Moltke, chief of the Great General Staff, be
lieved that war was inevitable, and the sooner the better. He was disappointed that the Bosnian crisis was resolved peacefully; such an opportunity of war, he warned, "will not come so soon again under such propitious circumstances."
Having completed the annexation of Bosnia-Herzegovina, Aehrenthal set out to preserve the new status quo in the Balkans. He wanted no further changes. He tried to persuade the powers that Austria did not intend to take Macedonia next. But Russia viewed what he had done as aggressive and therefore believed that Austria-Hungary had become expansionist. To counter that expansionism, Russia felt impelled to organize pro-Russian, anti-Austrian sentiment in the Balkans. In turn, the Dual Monarchy saw this as Russian expansionism, requiring defensive measures of its own.
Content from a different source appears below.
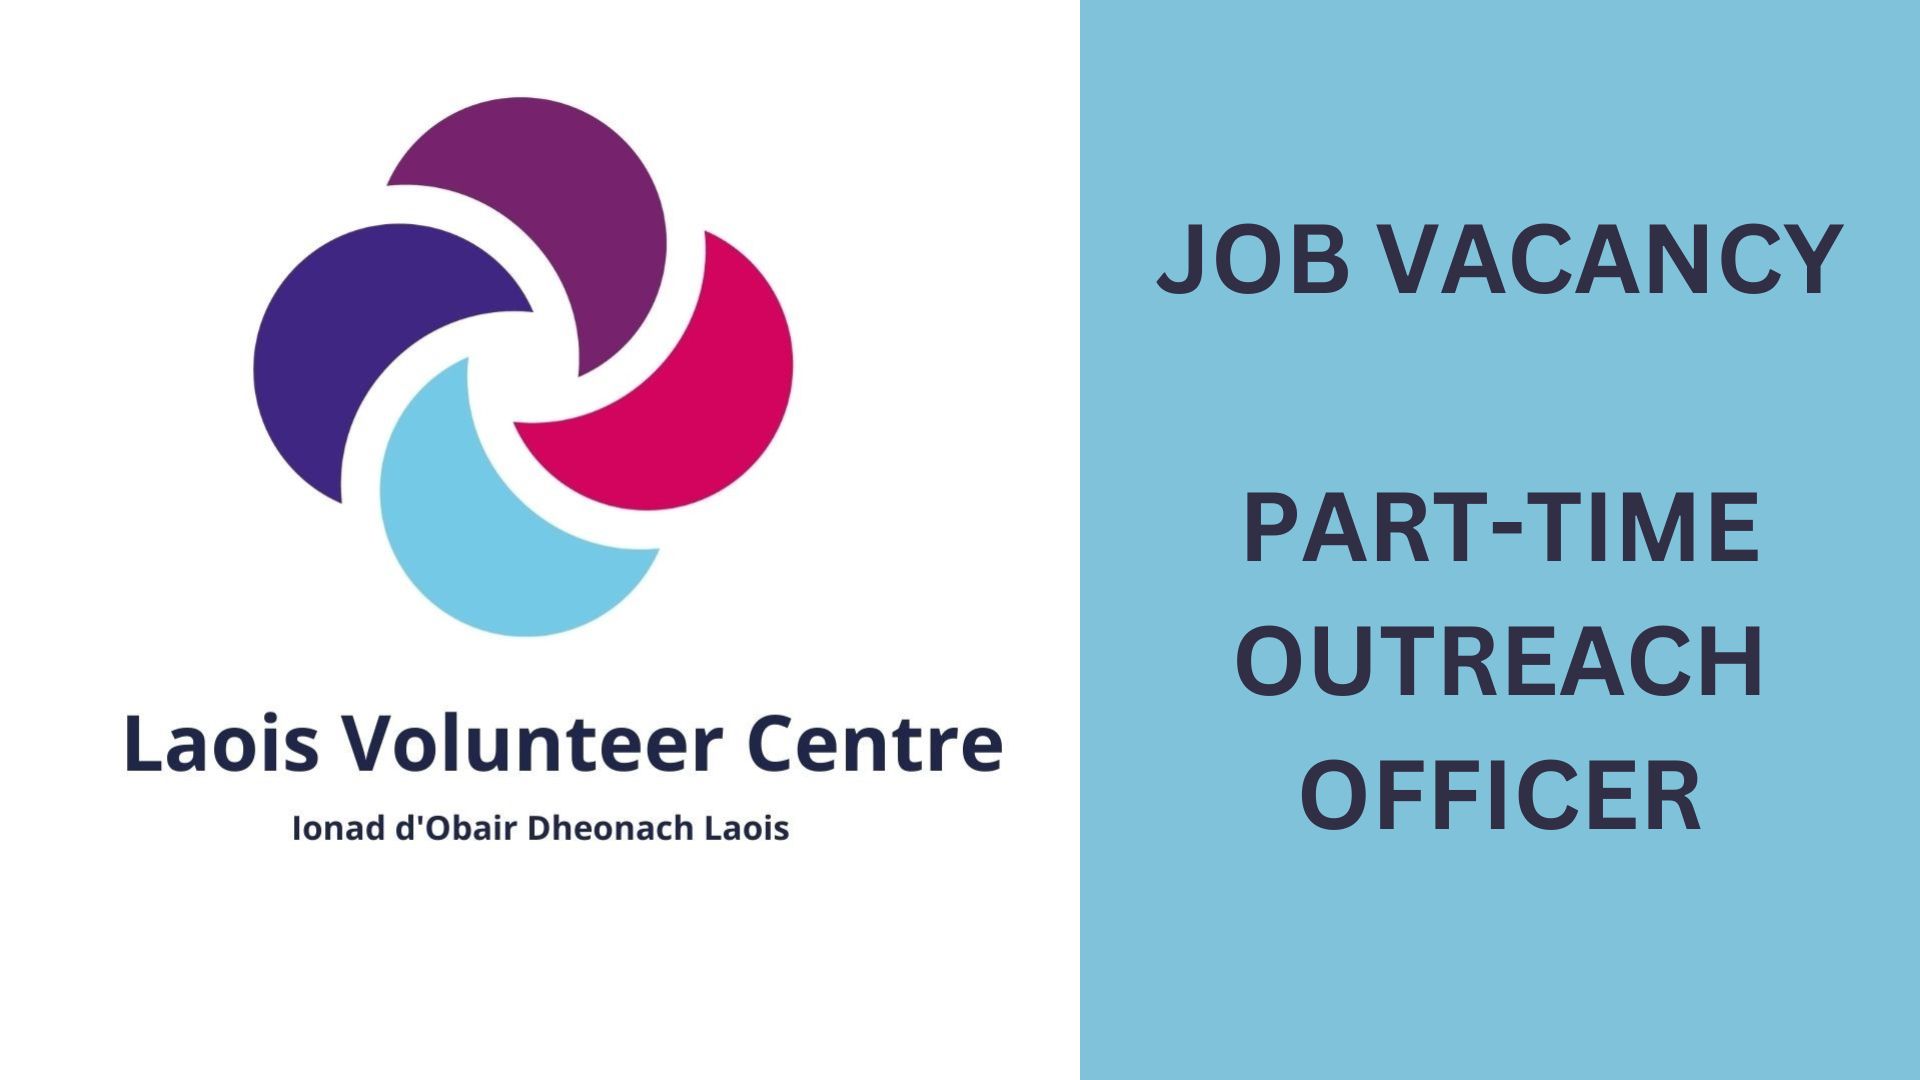 Laois Volunteer Centre job ad appearing on LaoisToday

The treaty of 1879 between Germany and Austria had been a defensive alliance: if either country were attacked—but only if it were the country that was attacked—the other was bound to come to its aid. But in January 1909, at the climax of the Bosnia-Herzegovina crisis, Conrad, Austria's chief of staff, had asked Moltke, his German counterpart, what Germany would do if Austria invaded Serbia and thereby provoked Russia into intervening. Moltke replied that Germany would protect Austria anyway, even though Austria would have started it. Moreover, Germany would go to war not only against Russia, but also against France, since France was Russia's ally.
In his history of Germany, Gordon Craig notes that Austria thereafter relied upon Moltke's pledge as a binding commitment: "In effect, Moltke had changed the treaty of 1879 from a defensive to an offensive treaty and placed his country at the mercy of the adventurers in Vienna." It should be added that Moltke's pledge was backed by the Chancellor.